18.2.3 Testing the Rasterization Stage
测试光栅化阶段
This stage consists of triangle setup and triangle traversal. Shadow map generation,which uses extremely simple pixel shaders, can bottleneck in the rasterizer or merging stages. Though normally rare [1961], it is possible for triangle setup and rasterization to be the bottleneck for small triangles from tessellation or objects such as grass or foliage. However, small triangles can also increase the use of both vertex and pixel shaders. More vertices in a given area clearly increases vertex shader load. Pixel shader load also increases because each triangle is rasterized by a set of 2 × 2 quads,so the number of pixels outside of each triangle increases [59]. This is sometimes called quad overshading (Section 23.1). To find if rasterization is truly the bottleneck,increase the execution time of both the vertex and pixel shaders by increasing their program sizes. If the render time per frame does not increase, then the bottleneck is in the rasterization stage.
这个阶段由三角形设置和三角形遍历组成。阴影贴图生成使用非常简单的像素着色器,可能会在光栅化或合并阶段遇到瓶颈。虽然通常很少[1961],但三角形设置和栅格化可能会成为镶嵌或对象(如草或树叶)中的小三角形的瓶颈。然而,小三角形也可以增加顶点和像素着色器的使用。给定区域中更多的顶点显然会增加顶点着色器的负载。像素着色器负载也会增加,因为每个三角形都由一组2 × 2四边形光栅化,因此每个三角形外部的像素数量会增加[59]。这有时被称为四边形重叠(第23.1节)。要确定光栅化是否真的是瓶颈,请通过增加程序大小来增加顶点和像素着色器的执行时间。如果每帧的渲染时间没有增加,那么瓶颈就在光栅化阶段。
18.2.4 Testing the Pixel Processing Stage
测试像素处理阶段
The pixel shader program’s effect can be tested by changing the screen resolution. If a lower screen resolution causes the frame rate to rise appreciably, the pixel shader is likely to be the bottleneck, at least some of the time. Care has to be taken if a level of detail system is in place. A smaller screen is likely to also simplify the models displayed, lessening the load on the geometry stage.

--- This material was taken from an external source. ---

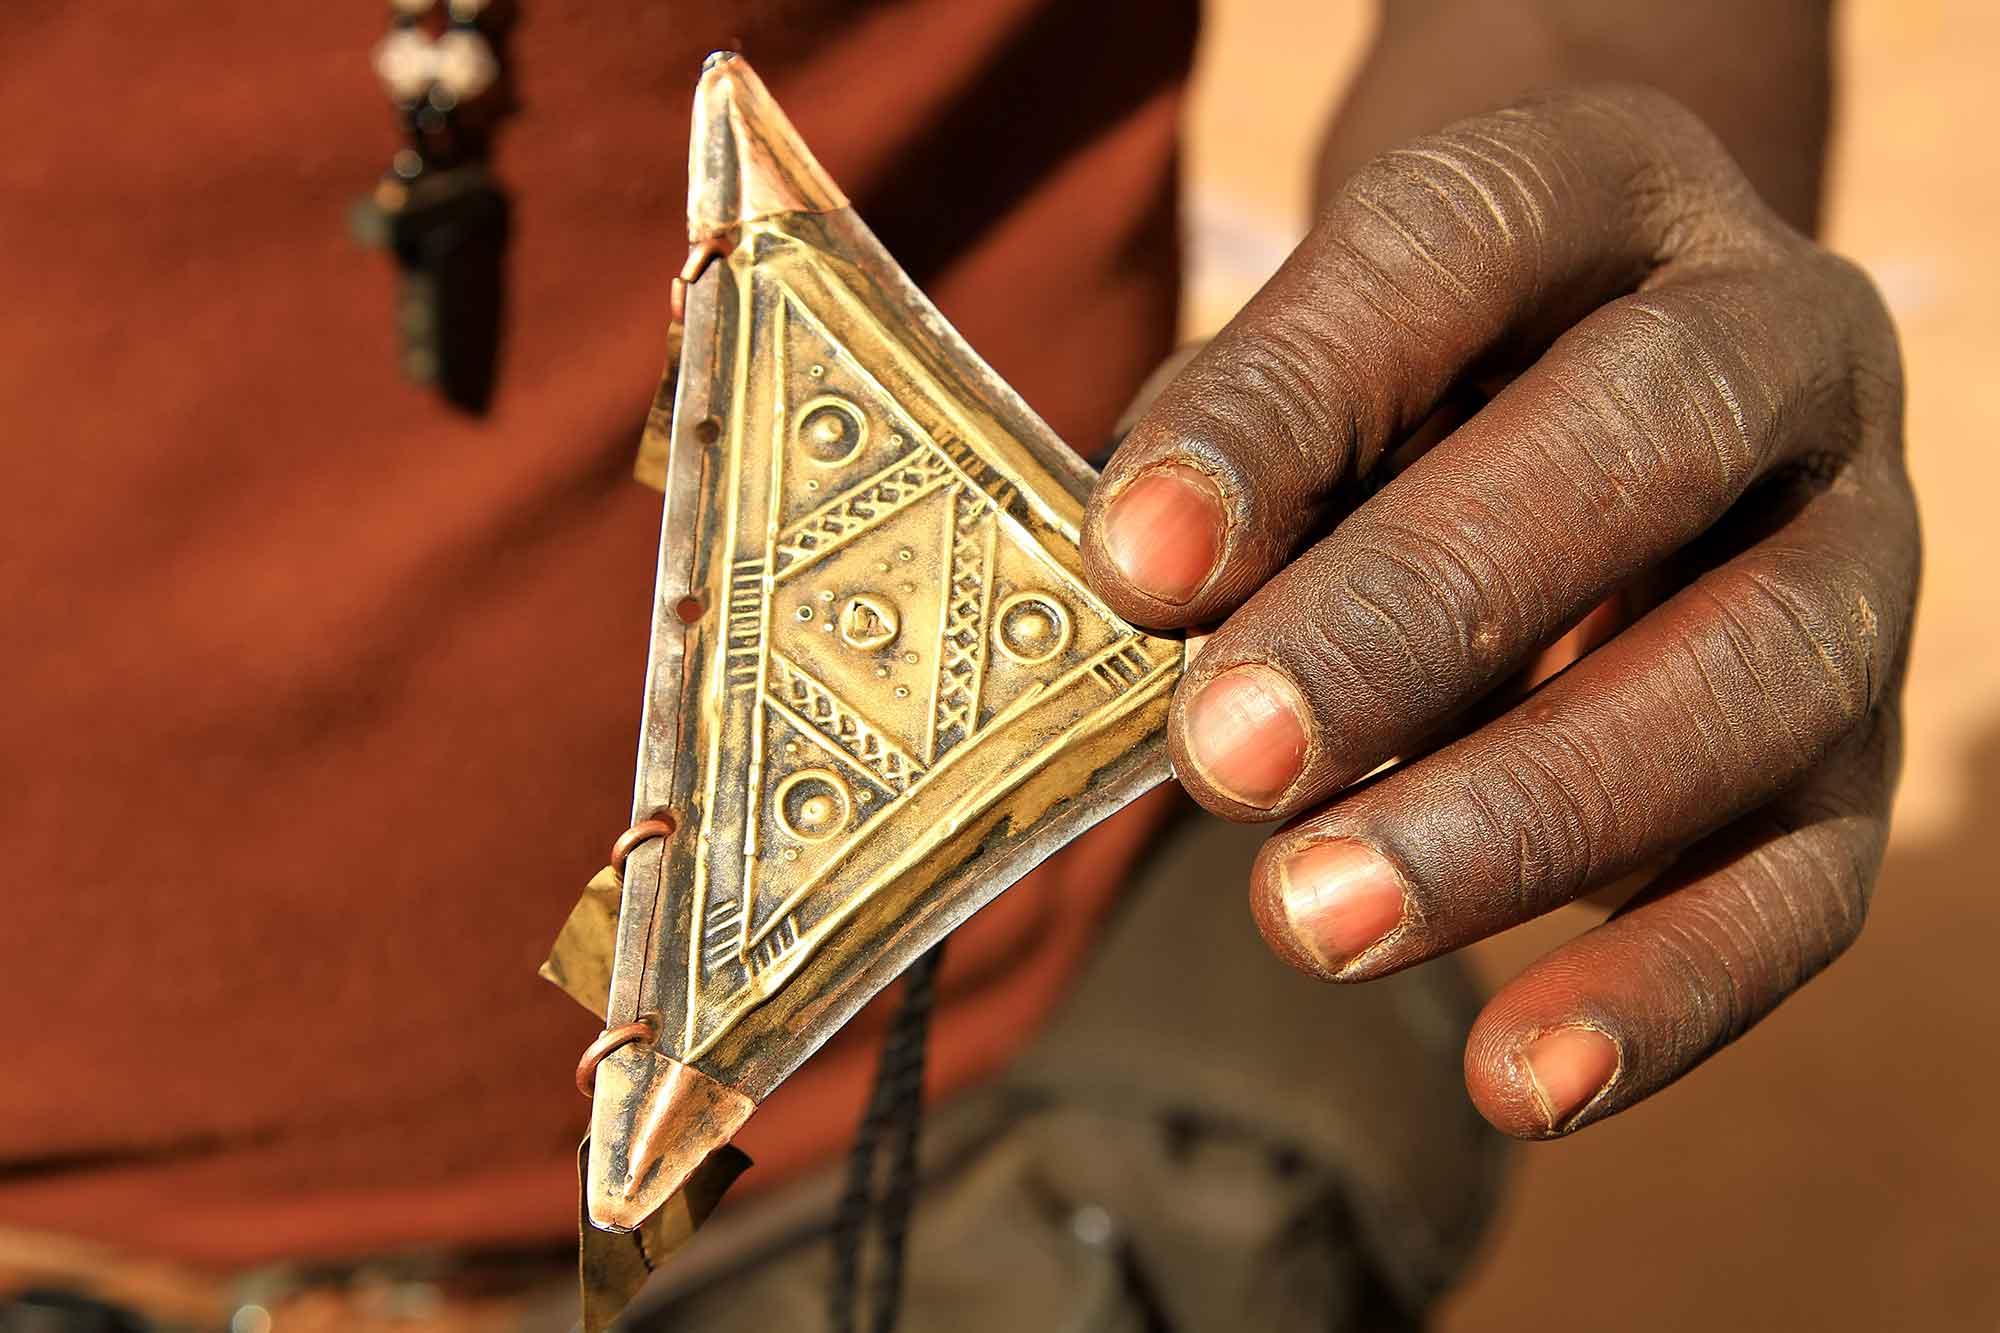 bukina-faso-ouagadougou-man-selling-goods

像素着色器程序的效果可以通过改变屏幕分辨率来测试。如果较低的屏幕分辨率导致帧速率明显上升,像素着色器很可能是瓶颈,至少在某些时候是这样。如果有详细程度系统,必须小心谨慎。较小的屏幕也可能简化显示的模型,减轻几何阶段的负荷。
Lowering the display resolution can also affect costs from triangle traversal, depth testing and blending, and texture access, among other factors. To avoid these factors and isolate the bottleneck, one approach is the same as that taken with vertex shader programs, to add more instructions to see the effect on execution speed. Again, it is important to determine that these additional instructions are not optimized away by the compiler. If frame rendering time increases, the pixel shader is the bottleneck (or at least has become the bottleneck at some point as its execution cost increased). Alternately, the pixel shader could be simplified to a minimum number of instructions, something often difficult to do in a vertex shader. If overall rendering time decreases, a bottleneck has been found. Texture cache misses can also be costly. If replacing a texture with a 1 × 1 resolution version gives considerably faster performance, then texture memory access is a bottleneck.
降低显示分辨率还会影响三角形遍历、深度测试和混合以及纹理访问等因素的成本。为了避免这些因素并隔离瓶颈,一种方法与顶点着色器程序采用的方法相同,即添加更多指令来查看对执行速度的影响。同样,确定这些额外的指令没有被编译器优化掉是很重要的。如果帧渲染时间增加,像素着色器就是瓶颈(或者至少随着其执行成本的增加,在某些时候已经成为瓶颈)。或者,像素着色器可以简化为最小数量的指令,这在顶点着色器中通常很难做到。如果总渲染时间减少,则发现了瓶颈。纹理缓存未命中也可能代价高昂。如果用1 × 1分辨率的版本替换一个纹理可以显著提高性能,那么纹理内存访问就是一个瓶颈。
Shaders are separate programs that have their own optimization techniques. Persson [1383, 1385] presents several low-level shader optimizations, as well as specifics about how graphics hardware has evolved and how best practices have changed.
着色器是独立的程序,有自己的优化技术。Persson [1383,1385]介绍了几种低级着色器优化,以及图形硬件如何发展和最佳实践如何变化的细节。
18.2.5 Testing the Merging Stage
测试合并阶段
In this stage depth and stencil tests are made, blending is done, and surviving results are written to buffers. Changing the output bit depth for these buffers is one way to vary the bandwidth costs for this stage and see if it could be the bottleneck. Turning alpha blending on for opaque objects or using other blending modes also affects the amount of memory access and processing performed by raster operations.
在这一阶段,进行深度和模板测试,进行混合,并将幸存的结果写入缓冲区。改变这些缓冲器的输出位深度是改变这一级的带宽成本的一种方法,看看它是否是瓶颈。为不透明对象打开alpha混合或使用其他混合模式也会影响光栅操作执行的内存访问和处理量。